On February 10, 2024, Winslow signed a 10-day contract with Toronto, but didn't play for them. On February 20, he returned to Raptors 905.

===Wisconsin Herd (2024–2025)===
On October 16, 2024, Winslow signed with the Milwaukee Bucks, but was waived the next day.
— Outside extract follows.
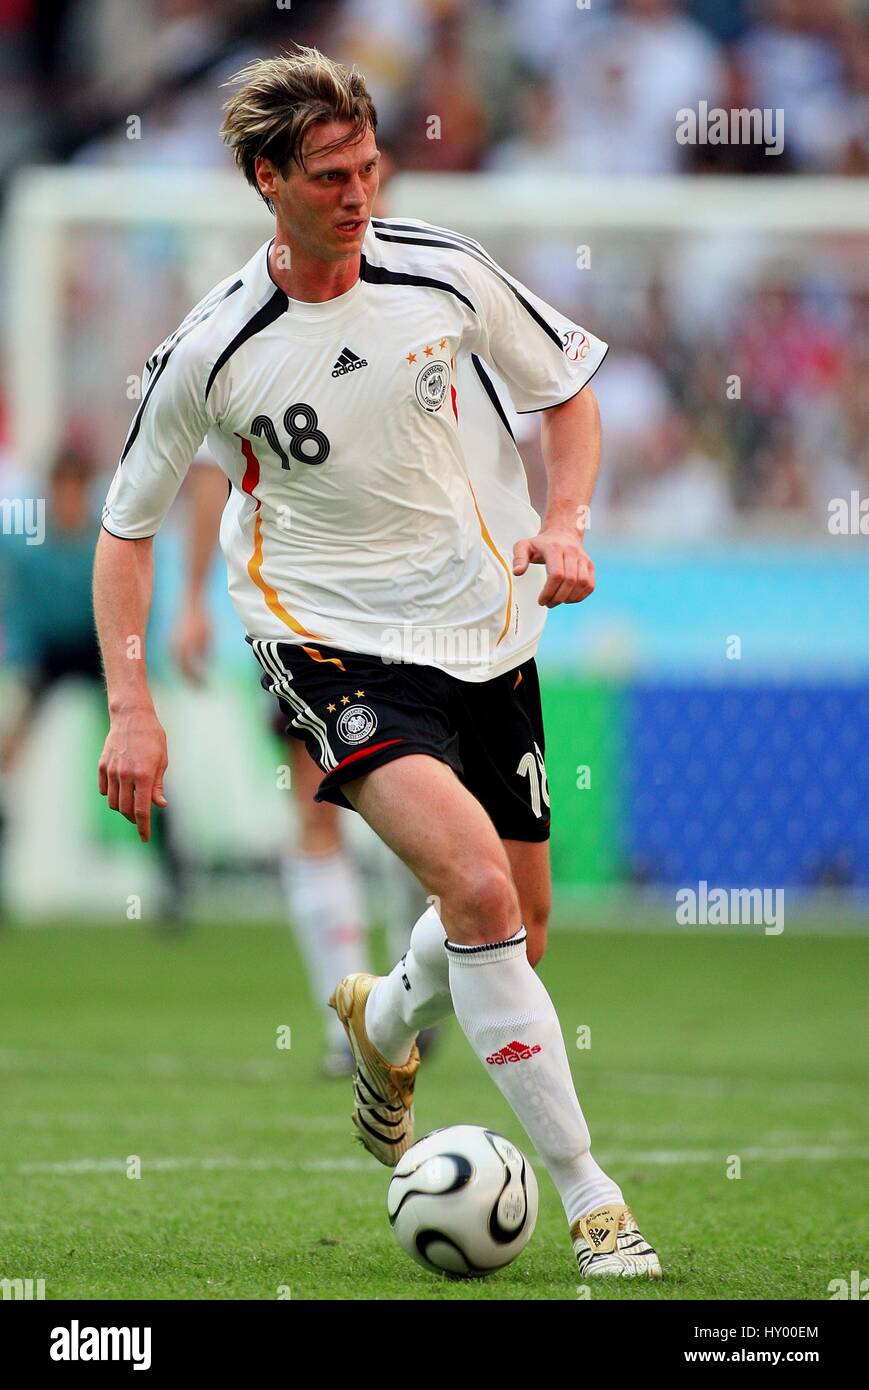 TIM BOROWSKI Deutschland & WERDER BREMEN WM München Deutschland 9. Juni  2006 Stockfotografie - Alamy

On October 28, he joined the Wisconsin Herd.

==Career statistics==

===NBA===
====Regular season====

| Year | Team | GP | GS | MPG | FG% | 3P% | FT% | RPG | APG | SPG | BPG | PPG |
| 2015–16 | Miami | 78 | 8 | 28.6 | .422 | .276 | .684 | 5.2 | 1.5 | .9 | .3 | 6.4 |
| 2016–17 | Miami | 18 | 15 | 34.7 | .356 | .200 | .617 | 5.2 | 3.7 | 1.4 | .3 | 10.9 |
| 2017–18 | Miami | 68 | 25 | 24.7 | .424 | .380 | .635 | 5.4 | 2.2 | .8 | .5 | 7.8 |
| 2018–19 | Miami | 66 | 52 | 29.7 | .433 | .375 | .628 | 5.4 | 4.3 | 1.1 | .3 | 12.6 |
| 2019–20 | Miami | 11 | 5 | 32.0 | .388 | .222 | .667 | 6.6 | 4.0 | .6 | .5 | 11.3 |
| 2020–21 | Memphis | 26 | 1 | 19.5 | .352 | .185 | .571 | 4.5 | 1.9 | .6 | .5 | 6.8 |
| 2021–22 | L.A. Clippers | 37 | 1 | 12.9 | .447 | .172 | .610 | 3.6 | 1.4 | .6 | .5 | 4.2 |
| Portland | 11 | 10 | 26.8 | .405 | .270 | .560 | 6.3 | 2.9 | 1.3 | .6 | 10.7 |
| 2022–23 | Portland | 29 | 11 | 26.8 | .409 | .311 | .714 | 5.0 | 3.4 | 1.0 | .4 | 6.8 |
| Career |  | 344 | 128 | 25.9 | .412 | .315 | .638 | 5.1 | 2.6 | .9 | .4 | 8.2 |

====Playoffs====

| Year | Team | GP | GS | MPG | FG% | 3P% | FT% | RPG | APG | SPG | BPG | PPG |
|---|---|---|---|---|---|---|---|---|---|---|---|---|
| 2016 | Miami | 13 | 2 | 25.4 | .432 | .278 | .700 | 4.8 | .6 | .6 | .3 | 6.9 |
| 2018 | Miami | 5 | 0 | 25.0 | .357 | .368 | .706 | 6.6 | 2.6 | .8 | .8 | 9.8 |
| 2021 | Memphis | 1 | 0 | 3.0 | .000 | .000 | .000 | 1.0 | 1.0 | .0 | .0 | .0 |
| Career |  | 19 | 2 | 24.1 | .405 | .324 | .702 | 5.1 | 1.2 | .6 | .4 | 7.3 |

===College===

| Year | Team | GP | GS | MPG | FG% | 3P% | FT% | RPG | APG | SPG | BPG | PPG |
|---|---|---|---|---|---|---|---|---|---|---|---|---|
| 2014–15 | Duke | 39 | 39 | 29.1 | .486 | .418 | .641 | 6.5 | 2.1 | 1.3 | .9 | 12.6 |

==National team career==
In 2012, Winslow played for the United States at the FIBA Under-17 World Championship, where he was named to the All-Tournament Team. In 2013, he played at the FIBA Under-19 World Championship. In 2014, he played at the FIBA Americas Under-18 Championship.

==Personal life==
Winslow is the son of Robin Davis and Rickie Winslow. His father played basketball for the University of Houston from 1983 to 1987, where he was a member of the famed Phi Slama Jama team that included Hakeem Olajuwon and Clyde Drexler, and was selected 28th overall by the Chicago Bulls in the 1987 NBA draft. Winslow has three older brothers, Cedrick, Brandon and Josh; and an older sister, Bianca. His brother, Josh, played football at Dartmouth, while his sister, Bianca, was a basketball player at Houston.